**What is being asked**
The output is a word-for-word repeat of the listing below, free of images.

**Supplied information**
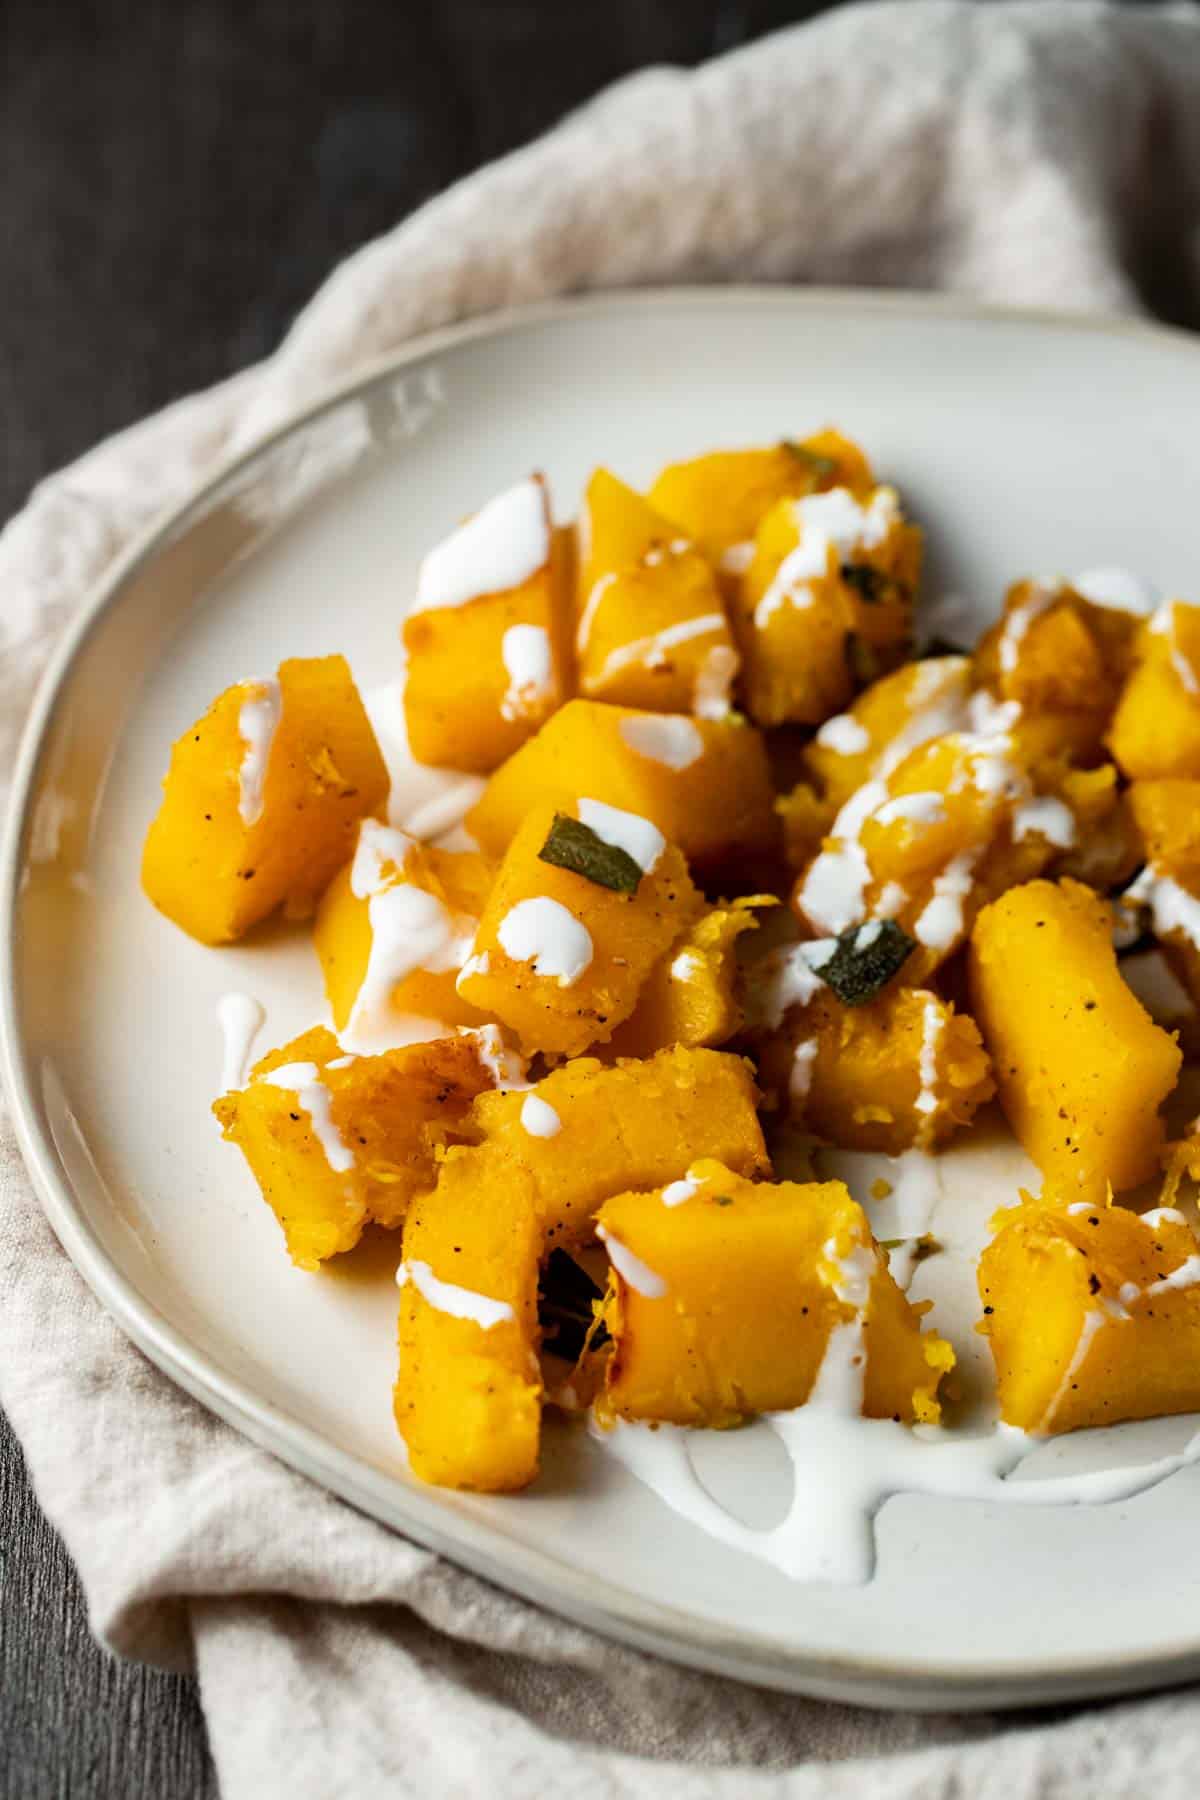 Cooked pumpkin cubes on a plate, drizzled with crème fraiche.
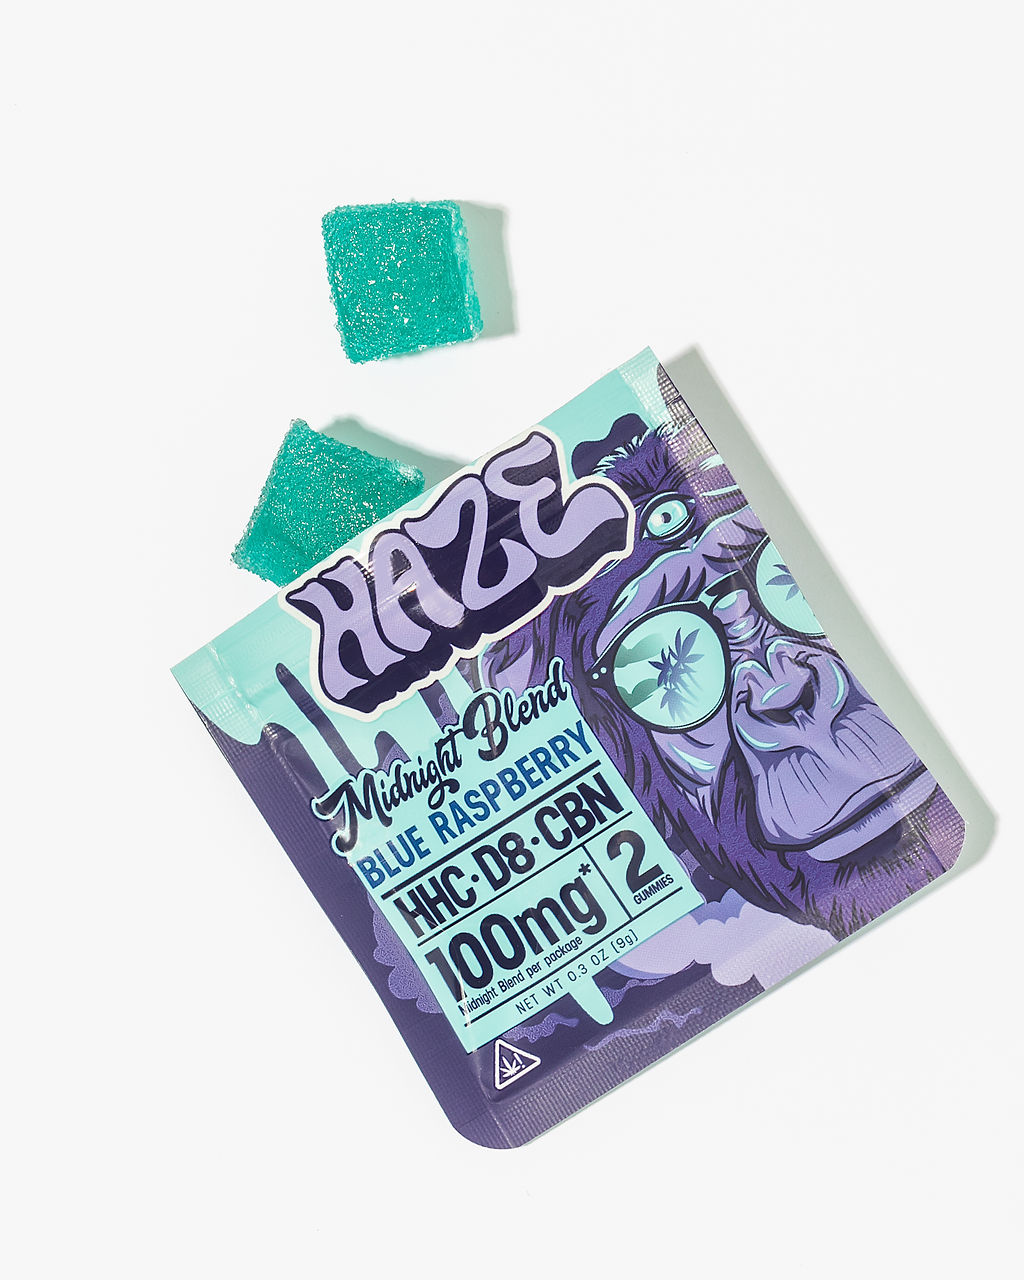 Haze THC Haven: Embark on an Epic Adventure with Just Delta’s Sensational Selection!
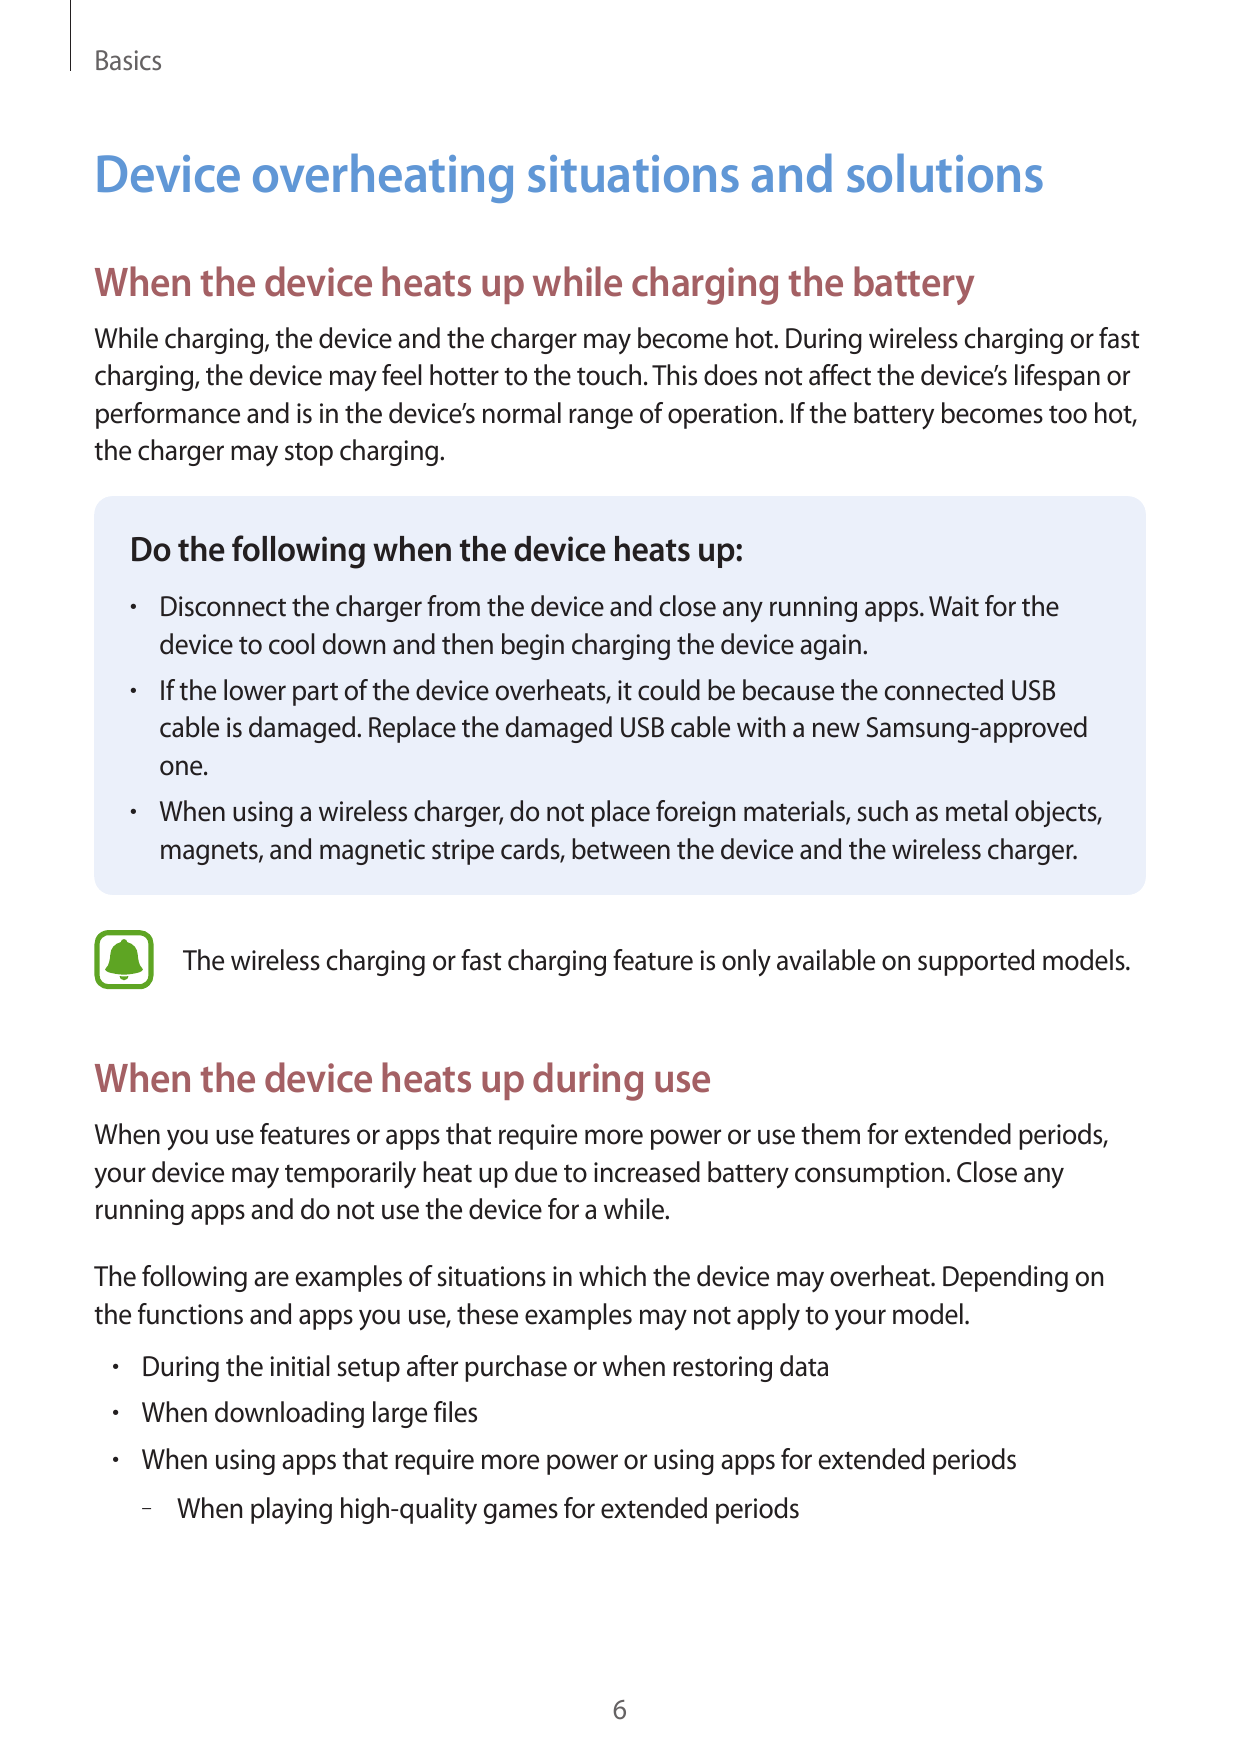 BasicsDevice overheating situations and solutionsWhen the device heats up while charging the batteryWhile charging, the device a

**Result of the exercise**
 Cooked pumpkin cubes on a plate, drizzled with crème fraiche.
 Haze THC Haven: Embark on an Epic Adventure with Just Delta’s Sensational Selection!
 BasicsDevice overheating situations and solutionsWhen the device heats up while charging the batteryWhile charging, the device a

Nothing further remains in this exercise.